Людовик, который сидел, откинувшись на подушку, приоткрыл глаза, посмотрел на него и тотчас же поспешно зажмурился. Изможденное лицо кардинала с парой горящих глаз и острой седоватой бородкой, его скуфейка и мантия цвета крови и пламени — все это представилось ему воплощением нечистого духа.
— Царствуйте,— сказал он слабым голосом.
— Но… обещаете выдать мне Сен-Мара и де Ту? — продолжал непреклонный министр, наклонясь к королю, чтобы прочесть правду в его потухших глазах, — так жадный наследник преследует до самой могилы умирающего, следя за последними проблесками его воли.
— Царствуйте,— повторил король, отворачиваясь
— Тогда подпишите: на этой бумаге начертано: «Такова моя воля: взять их живыми или мертвыми».

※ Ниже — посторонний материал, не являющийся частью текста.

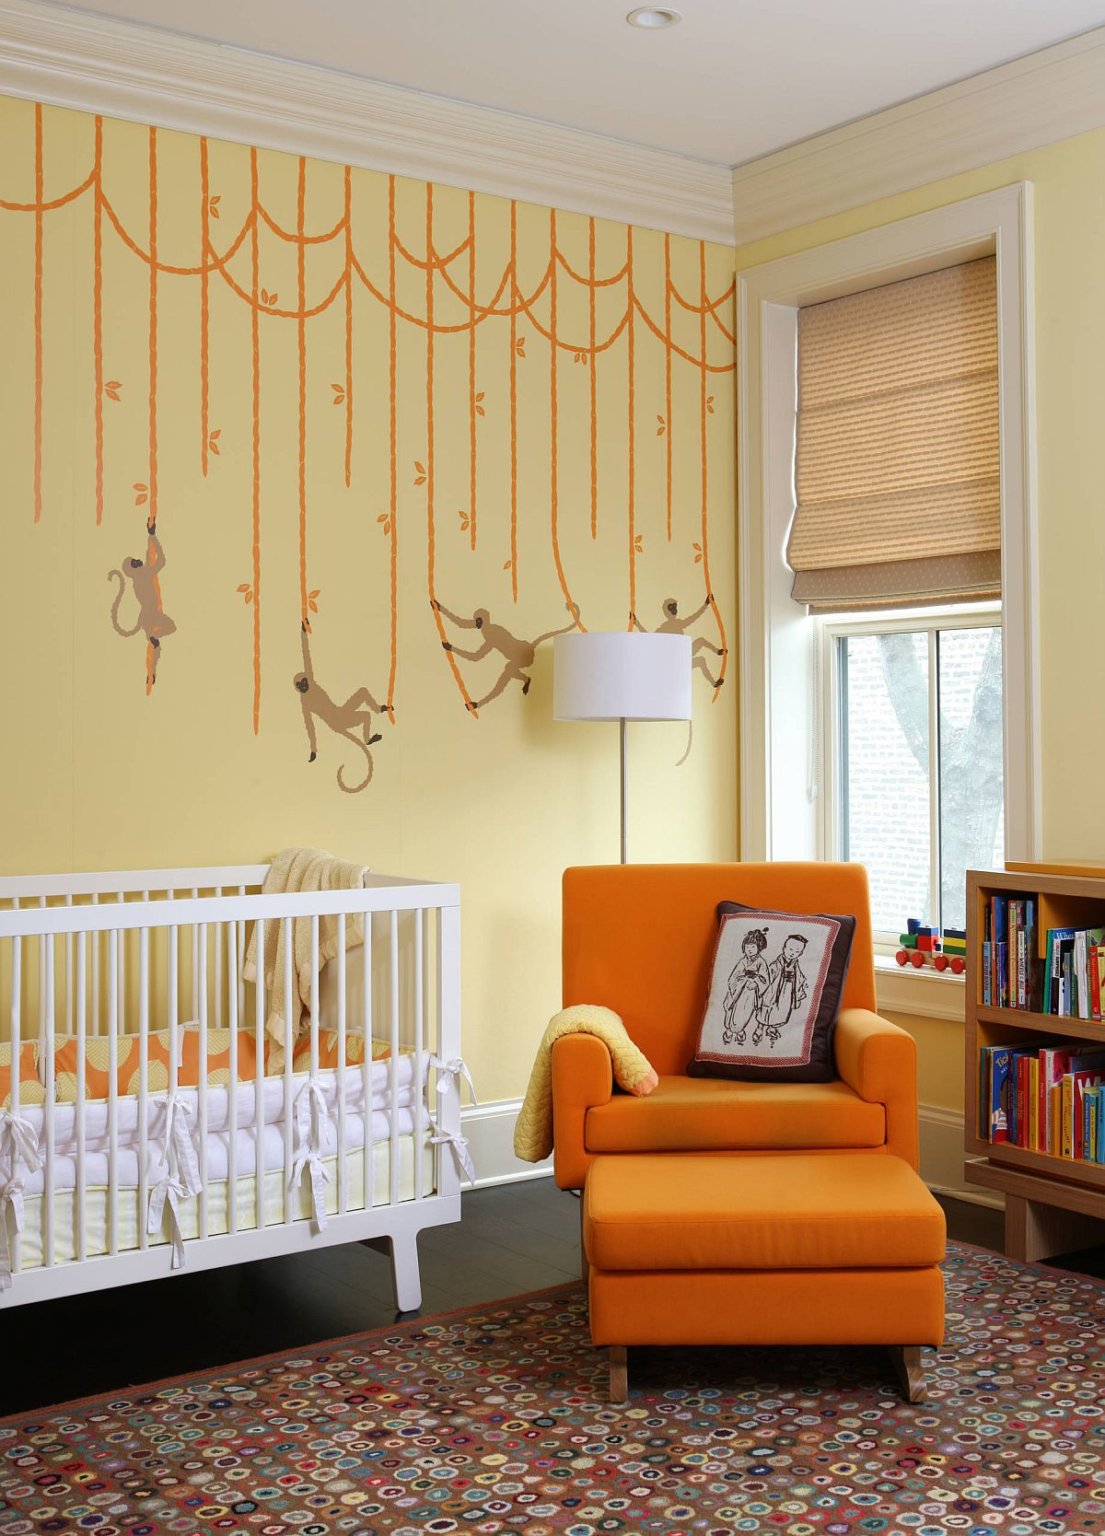 hình ảnh phòng ngủ của trẻ tông màu vàng mơ tươi sáng, họa tiết cam, giường cũi, ghế bành màu cam

Людовик, который по-прежнему сидел, откинувшись на спинку кресла, безвольно опустил руку на роковую бумагу и подписал.
— Сжальтесь, оставьте меня, я умираю! — пробормотал он.
— Это еще не все,— возразил тот, кого называют великим политиком.— Я не уверен в вас; отныне мне нужен залог, поручительство. Подпишите еще одну бумагу, и я вас покину.
Когда король приезжает к кардиналу, гвардейцам последнего оставаться при оружии; когда же кардинал является к королю, его гвардейцам стоять в карауле вместе с гвардейцами его величества.
Кроме того:
Его величество обязуется отдать кардиналу в качестве заложников обоих принцев, своих сыновей, как поручительство своей чистосердечной к нему привязанности.
— Моих детей! — воскликнул Людовик, приподнимаясь.— И вы осмеливаетесь…
— Предпочитаете, чтобы я удалился?— спросил Ришелье.
Король подписал.
— Все ли это наконец?— спросил он с глухим стоном.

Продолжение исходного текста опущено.